Lent is our own forty-day trek into the wilderness. The Spirit drives us there, as it drove Jesus, so we can deal with the things that would seduce us away from God or identify and do battle with the things that are destroying us – those things that cripple or limit our lives. God drives us into the wilderness for our own good because it is there, in the wilderness, that we come to know ourselves, our strengths and weaknesses, and our divine calling. And there, in the silence and recollection of the wilderness, we come to terms with ourselves as we really are.

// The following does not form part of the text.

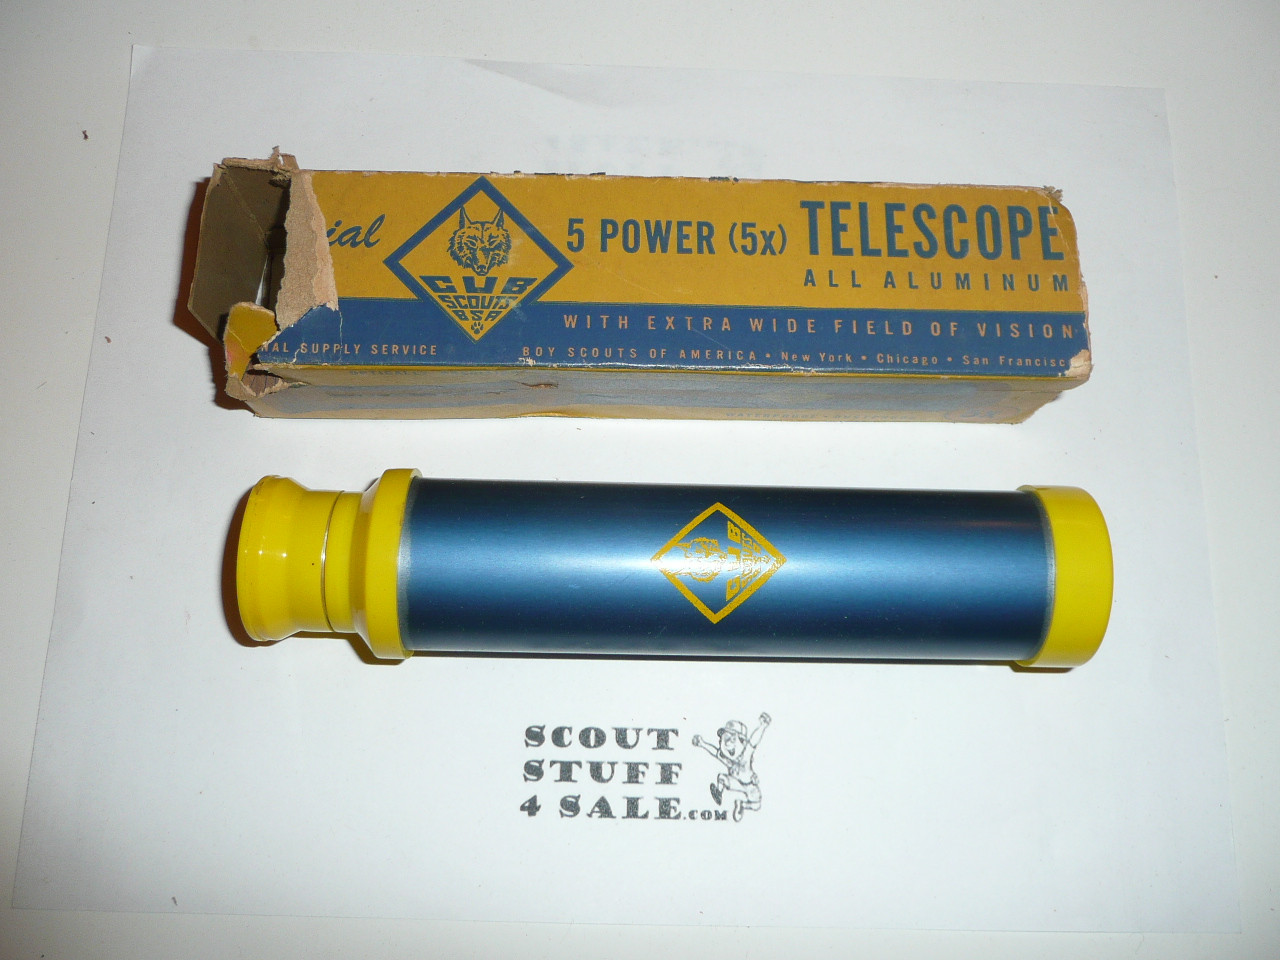 Official Cub Scout Telescope in original Box

But, if we’re honest with ourselves, we try our best to avoid the wilderness. During this Lenten season of fasting and focus, of praying and preparing, we’re tempted to simply go through the motions. We’re tempted to skirt the wilderness, to turn away from encountering the wild places in our lives and in our world. We’re tempted to turn away from the mirror reality that reveals things we would prefer not to see, our imperfections and the things that need change. But if we are to follow Jesus, if we are to be renewed for new possibilities and prepared to hope once more, we must face the wild. And, if we’re truly honest with ourselves, we know deep down inside that we need the wilderness. We know in our bones and deep within our souls that the wilderness calls, cajoles, and compels us even when we resist. God has work for us to do and that work begins, like it did with Jesus, when we are driven to the wild places of discovery.
And so, this Lent, go to the wilderness:
- Go to the wilderness to discover anew the joy of being beloved.
- Go to the wilderness to learn once more what it means to be and live as God's beloved son or daughter.
- Go to the wilderness to listen for the voice of God calling you once again.
- Go to the wilderness to see Christ more clearly in the world around you.
- Go to the wilderness because that is where God is encountered.
- Go to the wilderness because you can no longer be as you have always been.
No doubt about it, the wilderness will cost you more than any vacation get-a-way does. For more than money, it demands payment in prayer and introspection and sacrifice and acts of charity and, the costliest of all, a repentant heart. But the price is well worth it. For I can guarantee you that, if you endure the wilderness for the next forty days, you will emerge from it with a clearer head, a bigger heart and a deeper soul.
Jesus went into the wilderness and fought temptation. We face temptation too. But, maybe, the biggest temptation we face this morning is to not enter the wilderness at all. Let’s not give into it. Let’s make this Lent different, special, our best Lent ever. “This is the time of fulfillment, and the kingdom of God has come near; repent and believe in the good news.”